High schoolers wise up about social media when applying for colleges

High schoolers are increasingly aware that those embarrassing Facebook posts or tweets could cost them a shot at getting into their dream college.

The test prep company Kaplan found that only 16 percent of the 403 colleges surveyed found anything troubling in the social media posts they viewed -- a drop from 50 percent a year ago. That decline comes as the survey found more colleges are factoring social media into the application process: 35 percent in the latest survey compared to only 9 percent six years ago.

Wes Waggoner, the dean of admissions at Southern Methodist University in Dallas, acknowledged he has seen cases where social media posts resulted in a rejection letter. But he said students now have a greater appreciation of the damage that a wild party shot can do.

"Students are aware that what they say on social media has an impact on something that's important to them," Waggoner told Adriana Diaz of CBS News.

"As social media has evolved from early versions of MySpace and Facebook to a broad ecosystem of platforms and apps that are a daily part of millions of people's lives worldwide, we're seeing greater acceptance of social media use in the college admissions process," Christine Brown, executive director of K12 and college prep programs for Kaplan Test Prep, said in a statement. "This means admissions officers are increasingly open to what they once viewed as a dubious practice, while teens have come to terms with the fact that their digital trails are for the most part easily searchable, followable and sometimes judged."

In a separate survey of 500 high school students, Kaplan found that 58 percent of students describe their social networking pages as "fair game" for admissions officers.

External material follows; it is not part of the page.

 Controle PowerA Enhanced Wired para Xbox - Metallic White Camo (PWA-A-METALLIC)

And rather than fearing what a college might see, 35 percent said they felt it could actually help their chances of admission -- with 18 percent seeing social media as a savvy way to promote themselves.

Still, Kaplan said social media still plays only a "peripheral role" in the process and that grades and test scores are the main factors being considered by colleges.

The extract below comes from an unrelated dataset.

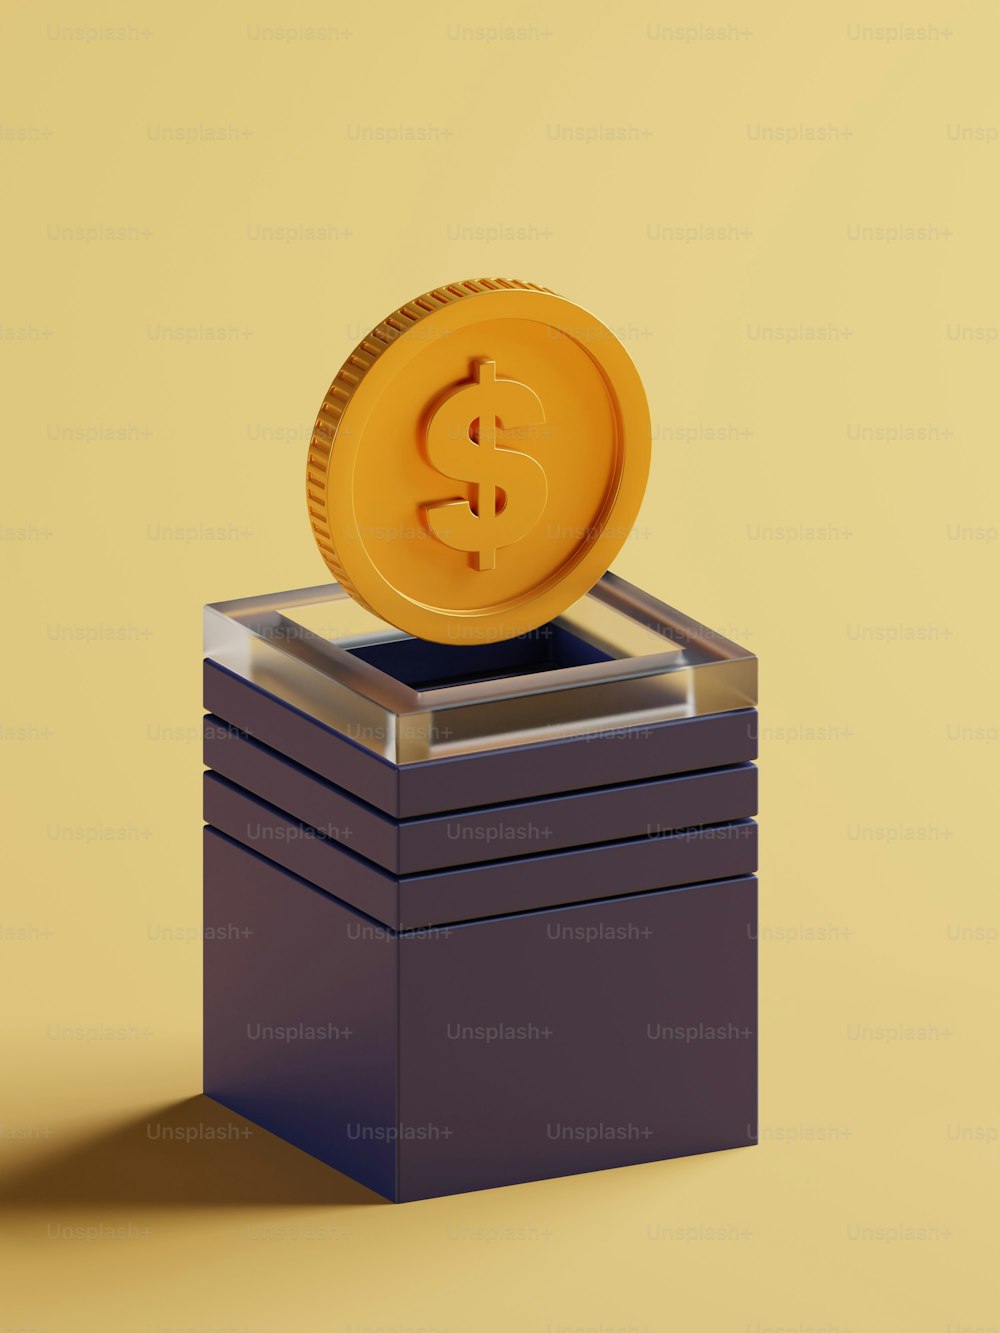 Eine Golddollarmünze sitzt auf einem Stapel schwarzer Boxen

"The majority of admissions officers are not looking at Facebook for applicant information, and even those who are typically do so as an anomaly -- because they were flagged, either positively or negatively, to particular applicants," Brown said. "Admissions chances are still overwhelmingly decided by the traditional factors of high school GPA, standardized test scores, letters of recommendation, personal essays and extracurricular activities. Applicants' online personas are really a wild card in the admissions process."

Don't tell that to Neha Husein, a Hebron High School senior who has applied to 10 colleges including SMU. She acknowledged that she thinks twice before posting anything.

"One wrong tweet can go viral in seconds," Husein said. "You can never ever be too careful, especially when it comes to college and the rest of your life."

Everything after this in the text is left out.